The board president and County Board have instructed the Cook County State’s Attorney’s Office to investigate means, including litigation, that can be taken to recoup the money due from the state.

The state is holding $66.1 million from this fiscal year alone that is rightfully due to the county, Preckwinkle noted, including rent for offices at the George W. Dunne Cook County Office Building, 69 W. Washington St., Chicago.

State tenants at the 36-story, 720,979-square-foot county facility include the Chicago Loop Express Secretary of State facility.

Cook County and the state are on different fiscal years, adding to the confusion of just how much the state owes the county.  The county’s fiscal year runs from Dec. 1-Nov. 30.  The state’s fiscal year runs from July 1-June 30.

For the county’s current fiscal year, the state owes its fellow government $66.1 million, according to Preckwinkle.

“We realize we have to continue programs,” the board president said, noting that every dollar, including the money due from the state, is vital for the county these days.

Because the state’s rent money comes from Illinois’ general fund and that money has not been released via court mandate the way other state expenses have been, the county is not getting paid.

Preckwinkle said that the county could soon have to start cutting positions dependent on state funding, if that money doesn’t start flowing into Cook County coffers.

She cited the county’s child support enforcement which is due $8.6 million in reimbursement from the state as one area that could feel the ax.
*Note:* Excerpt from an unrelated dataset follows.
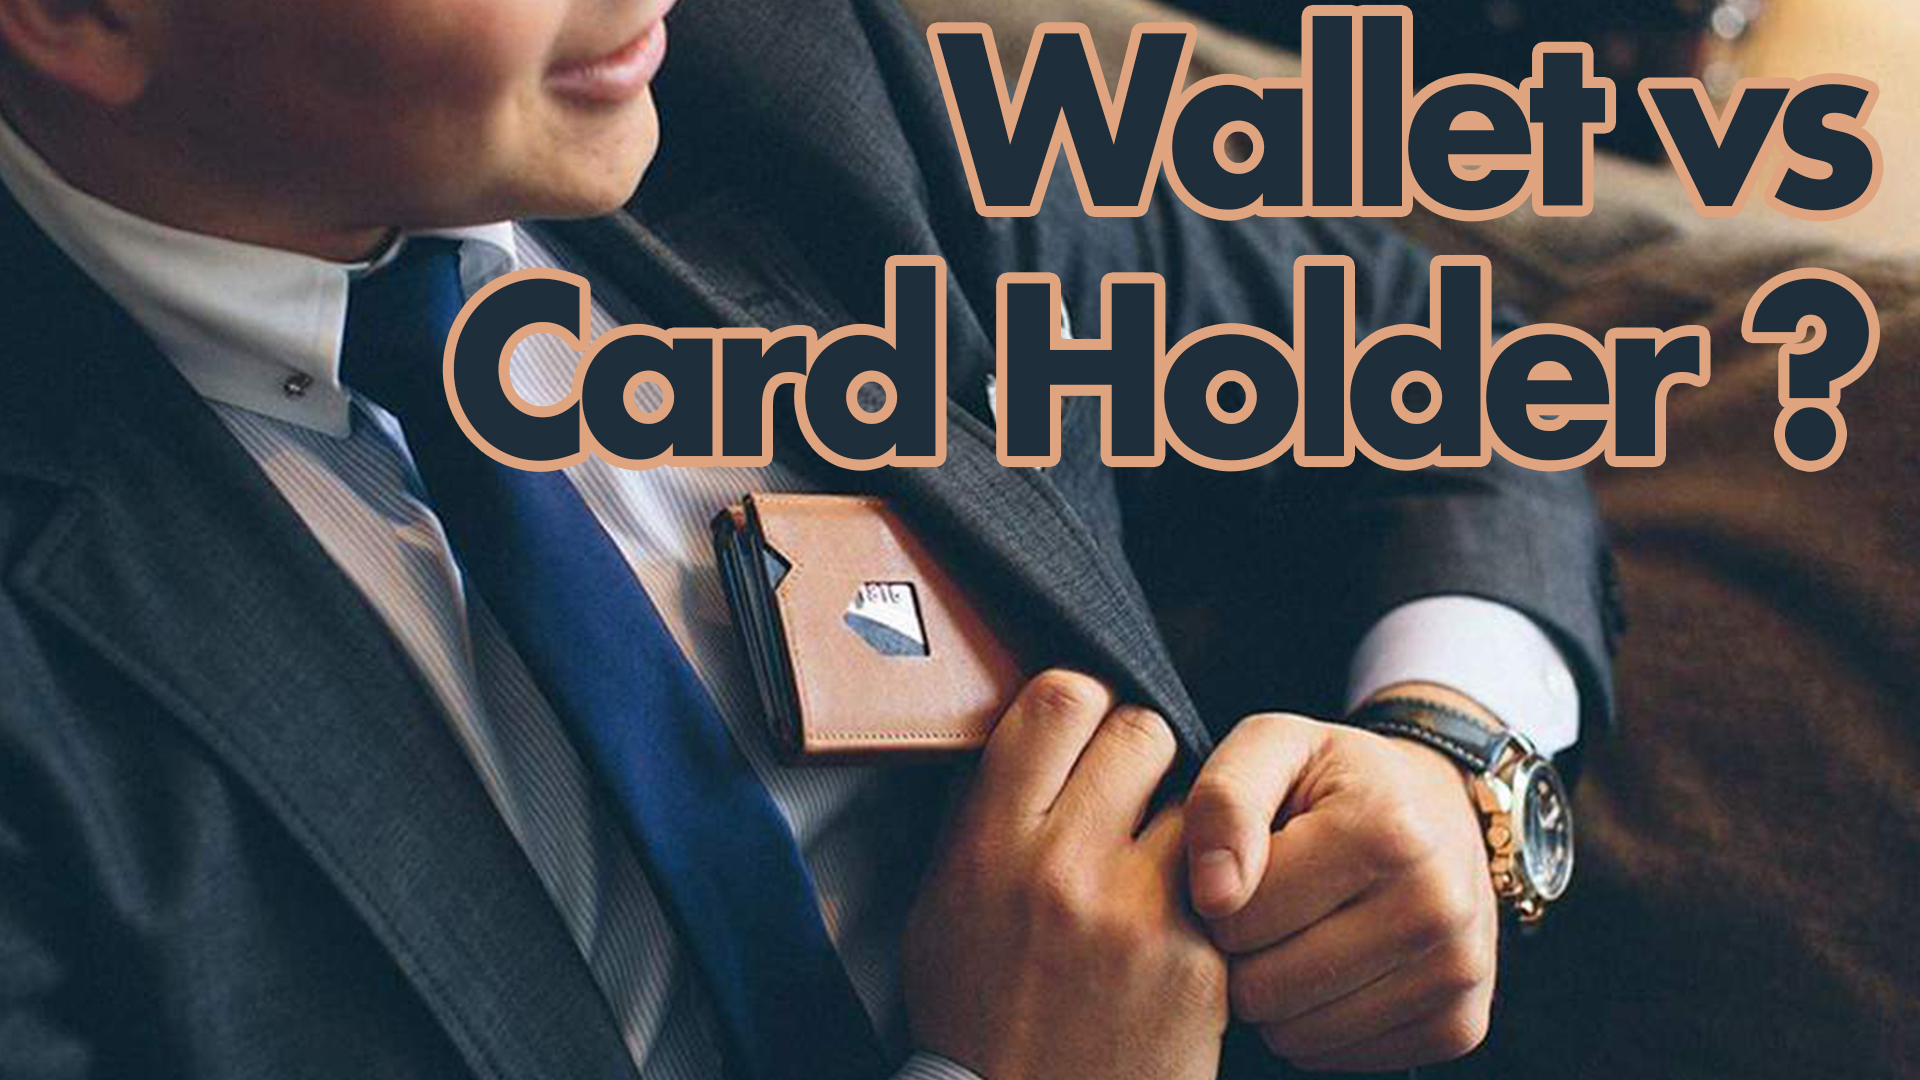 Wallet vs Card Holder? - JLAUTHENTICS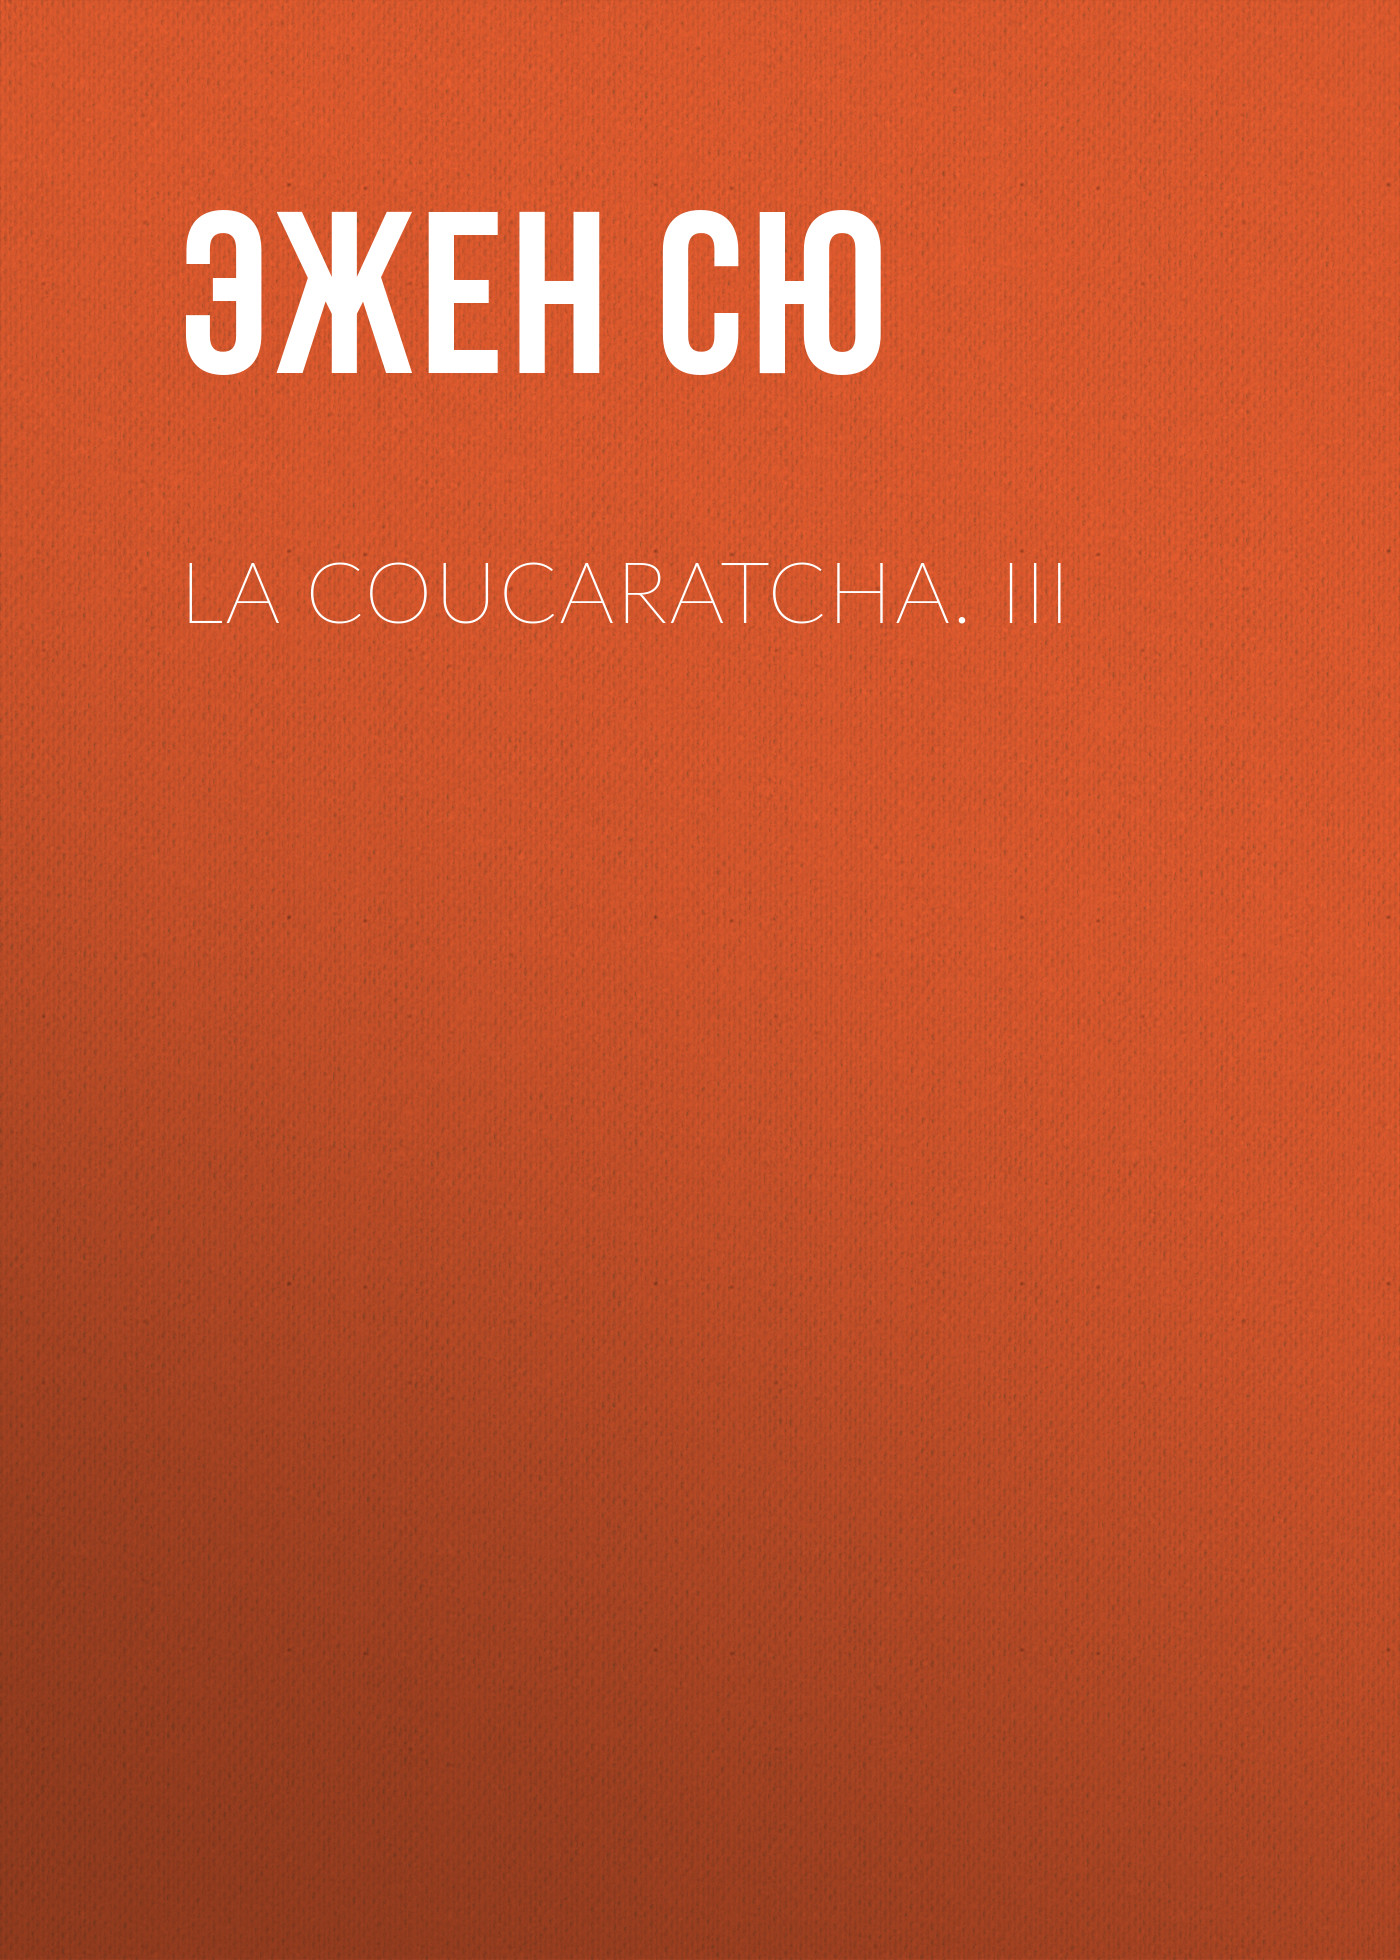 Книга La coucaratcha. III из серии , созданная Эжен Сю, может относится к жанру Литература 19 века, Зарубежная старинная литература, Зарубежная классика. Стоимость электронной книги La coucaratcha. III с идентификатором 25476839 составляет 0 руб.

The state would even get 70 percent of that child support enforcement money back from the federal government, but that only occurs when the state first pays its 30 percent of the bill.

Preckwinkle added that Adult Redeploy, a state program in which individual counties assist nonviolent ex-offenders, is owed $1.9 million.

“It is a program the governor mentioned in his State of the State address,” Preckwinkle noted.

Gov. Bruce Rauner had called for not just saving the program, but increasing its funding to help ex-offenders

“We will also continue to invest in Adult Redeploy,” Rauner said in his address last month. “Since its implementation in 2011, Adult Redeploy has diverted more than 1,900 offenders into community-based programming. Congratulations to all of you in the legislature who supported Adult Redeploy. Let’s continue to build on these corrections reforms.”